ASSIGNMENT:
Restate each line below word for word, skipping every picture.
Start of PROVIDED MATERIAL
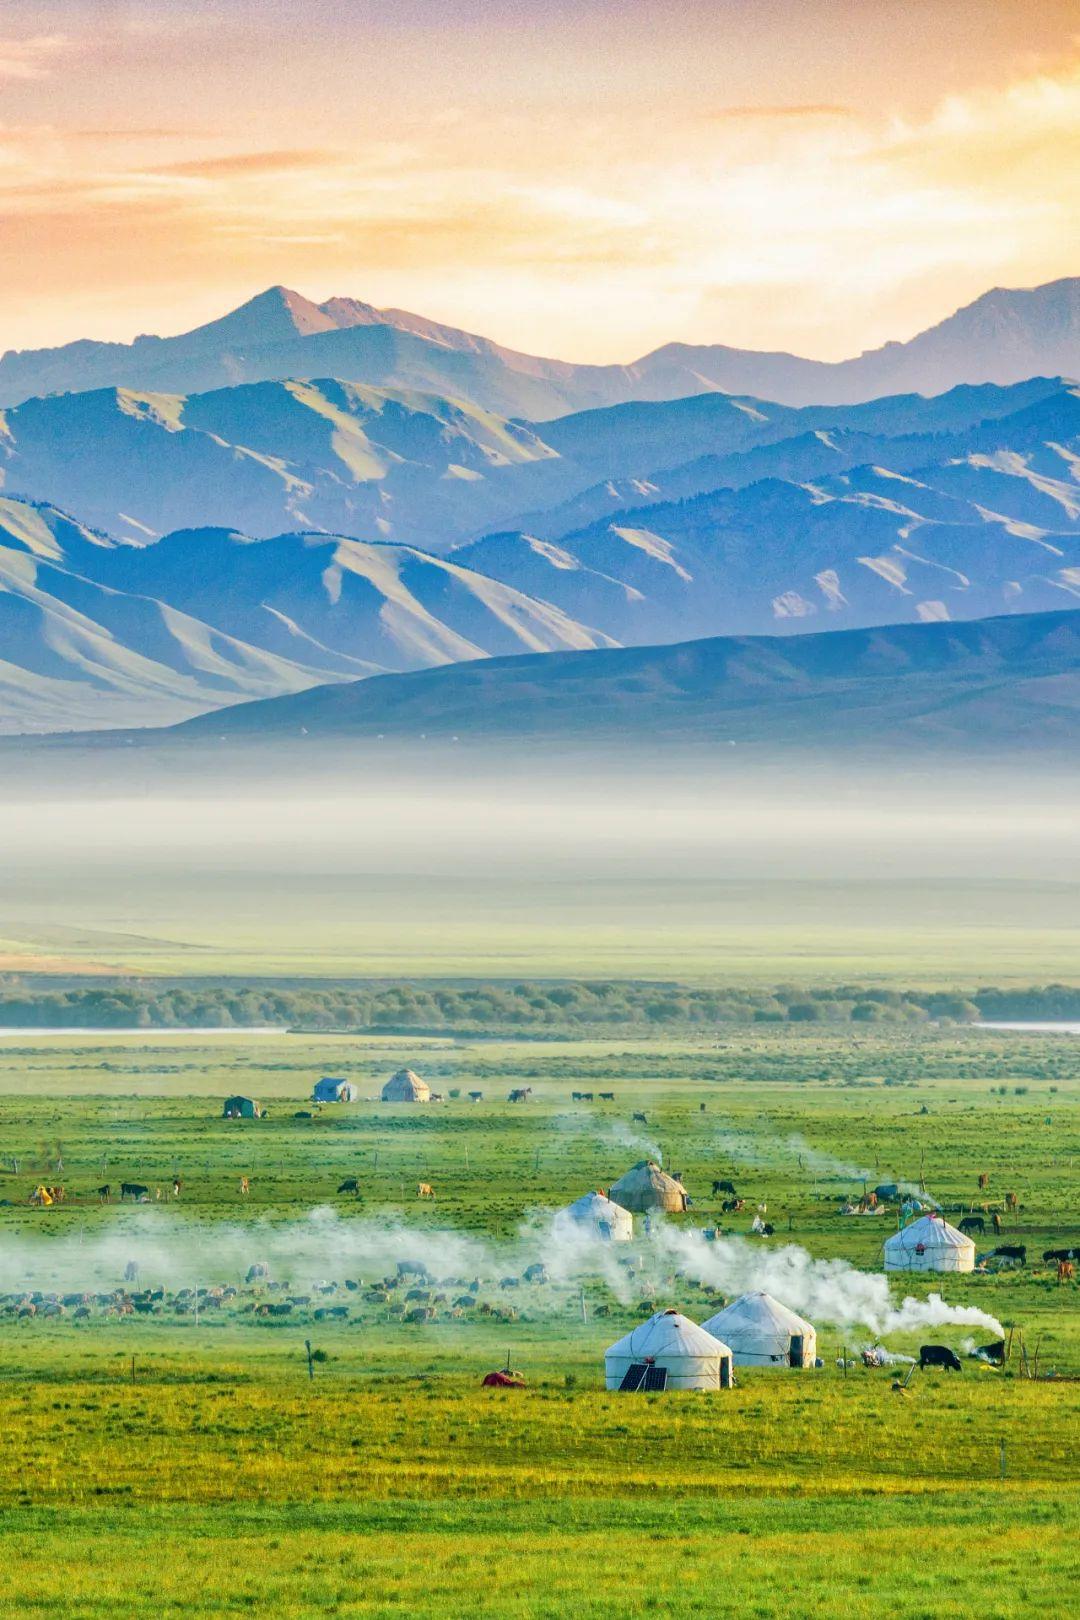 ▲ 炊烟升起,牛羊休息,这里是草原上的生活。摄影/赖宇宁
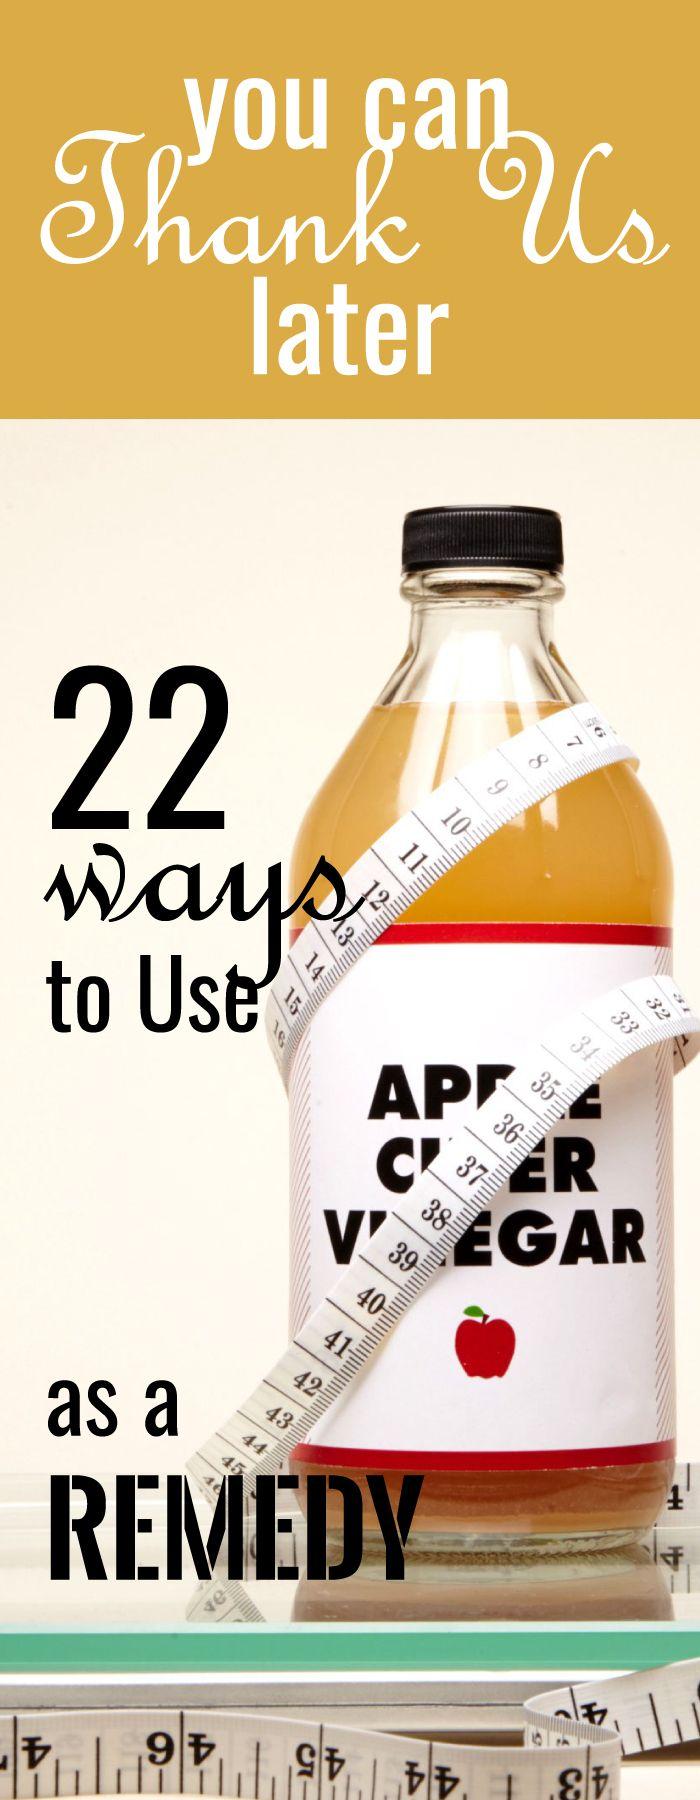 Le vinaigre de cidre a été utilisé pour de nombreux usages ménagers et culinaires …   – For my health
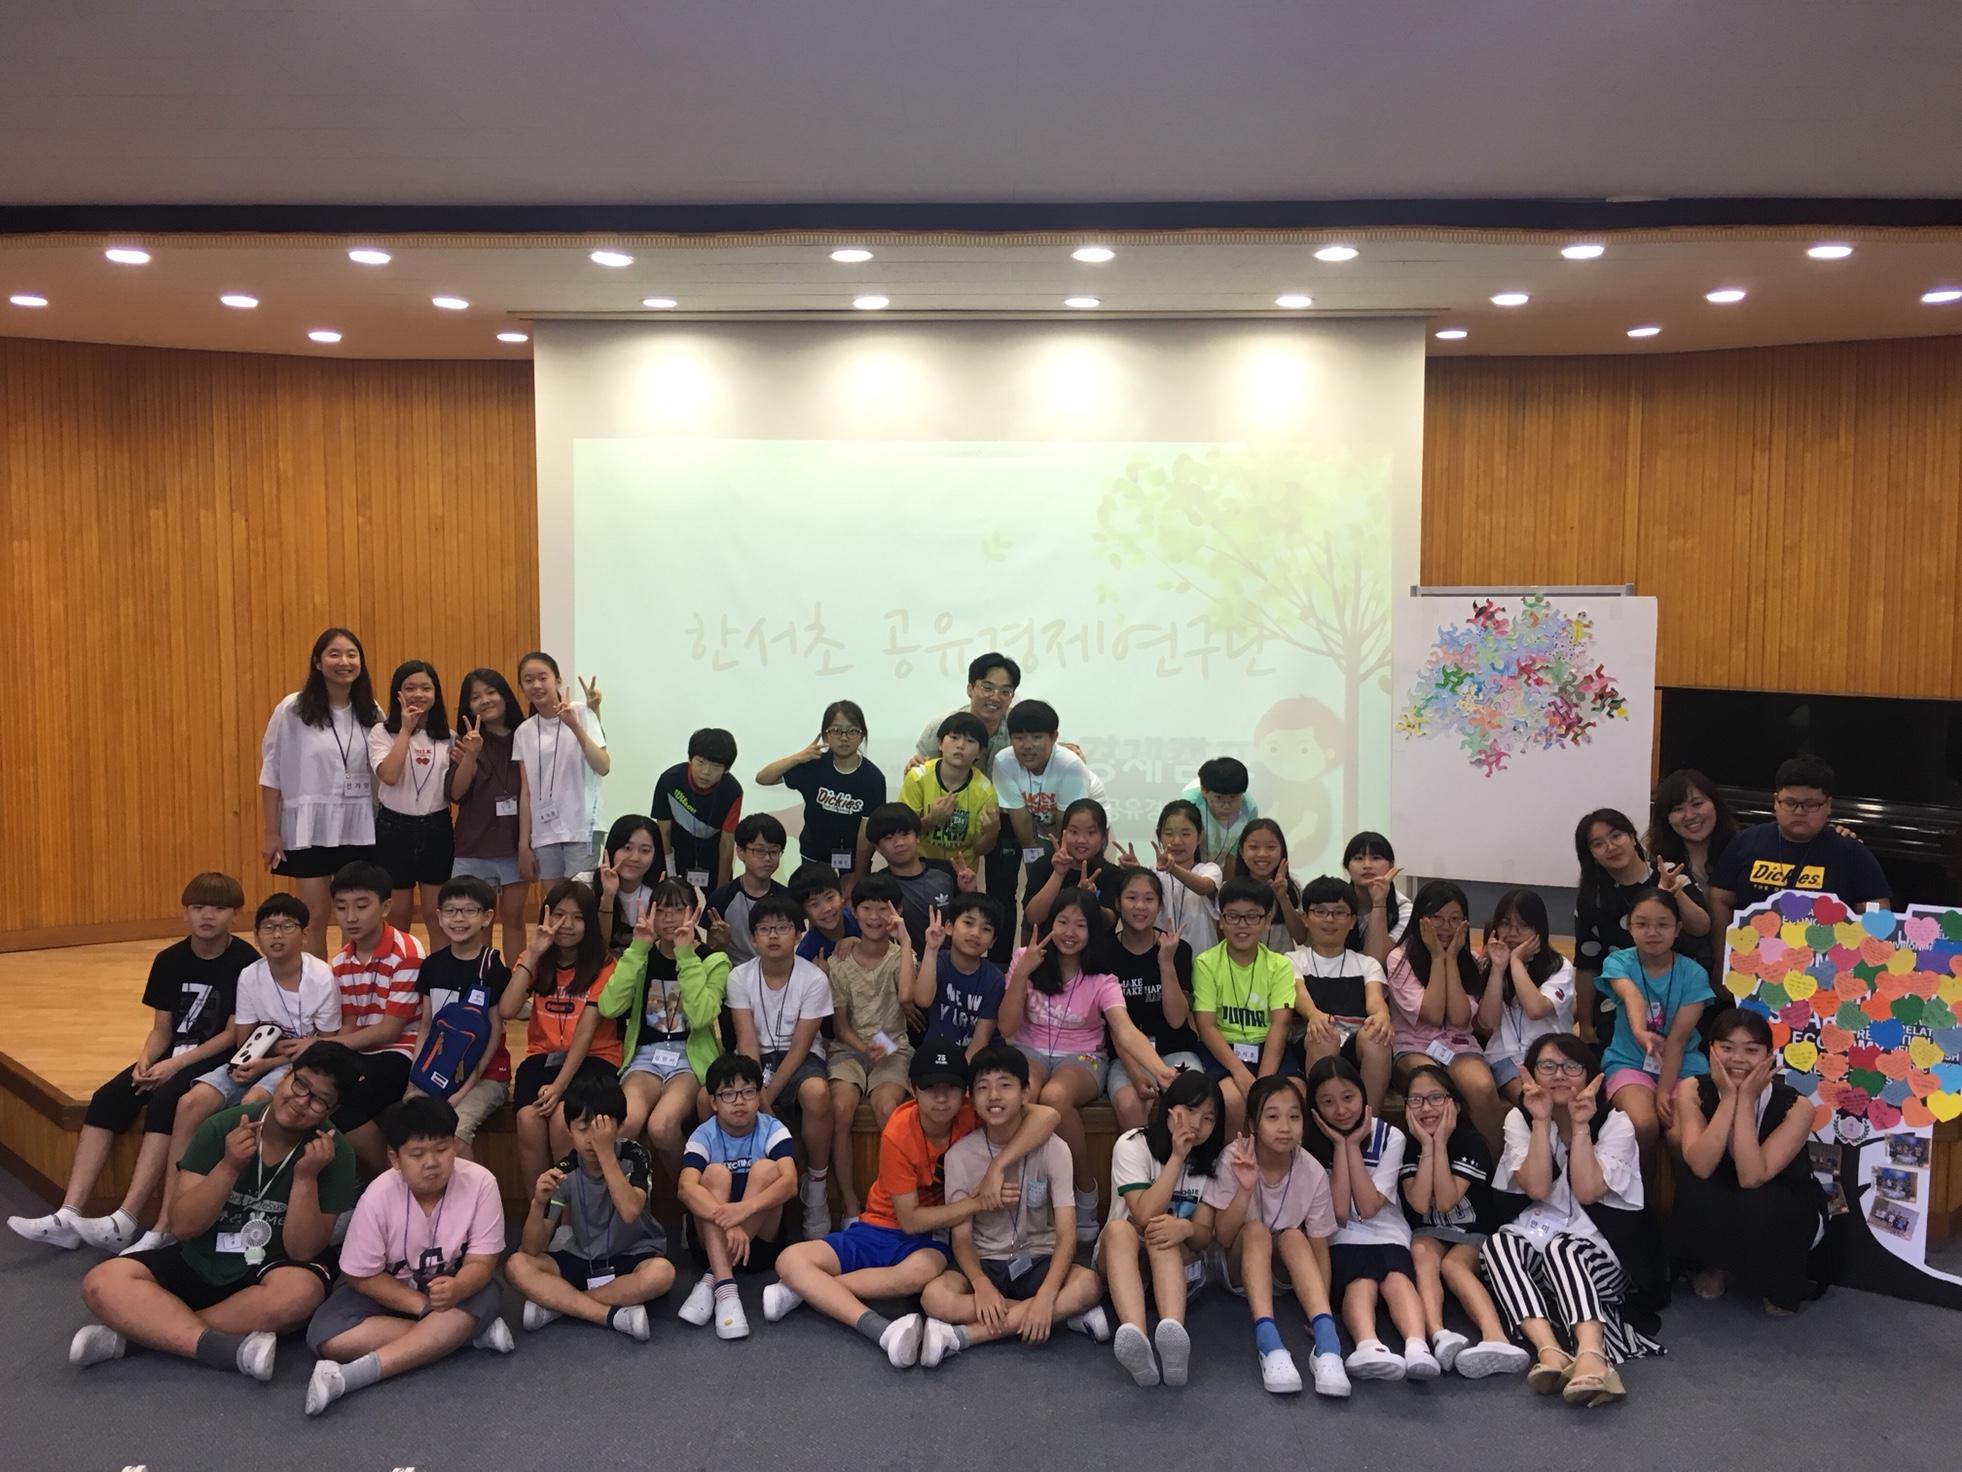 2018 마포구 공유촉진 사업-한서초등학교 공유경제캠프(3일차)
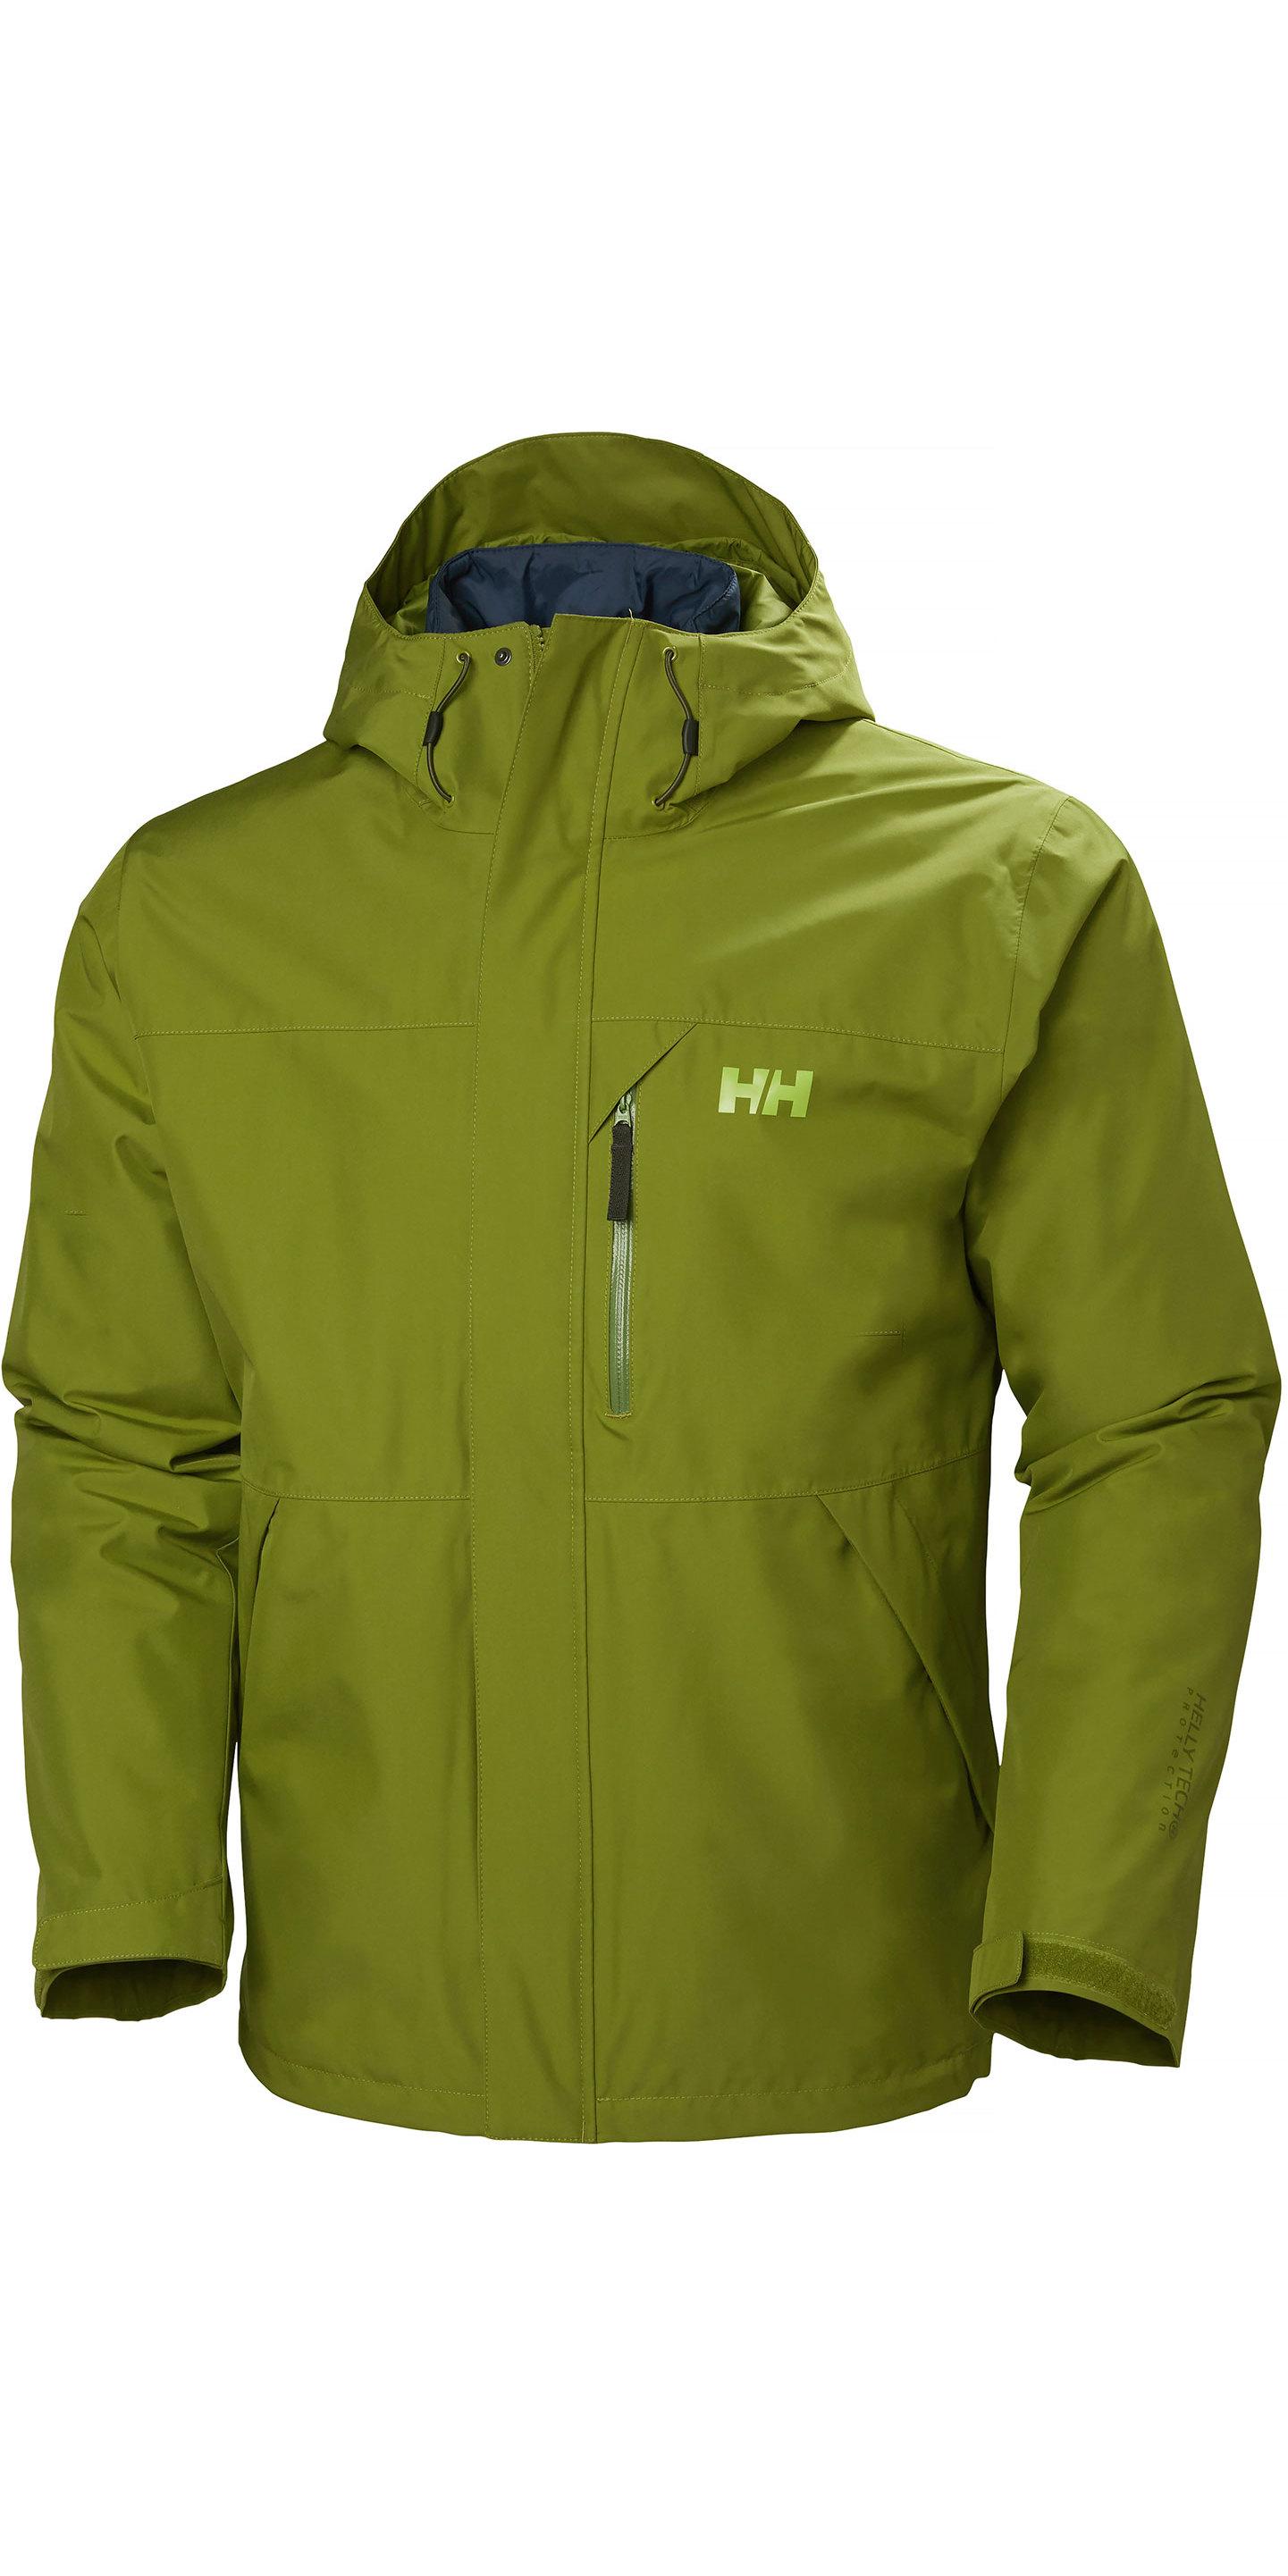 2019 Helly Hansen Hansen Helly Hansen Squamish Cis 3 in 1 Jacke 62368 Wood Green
End of PROVIDED MATERIAL
REPLY:
 ▲ 炊烟升起,牛羊休息,这里是草原上的生活。摄影/赖宇宁
 Le vinaigre de cidre a été utilisé pour de nombreux usages ménagers et culinaires …   – For my health
 2018 마포구 공유촉진 사업-한서초등학교 공유경제캠프(3일차)
 2019 Helly Hansen Hansen Helly Hansen Squamish Cis 3 in 1 Jacke 62368 Wood Green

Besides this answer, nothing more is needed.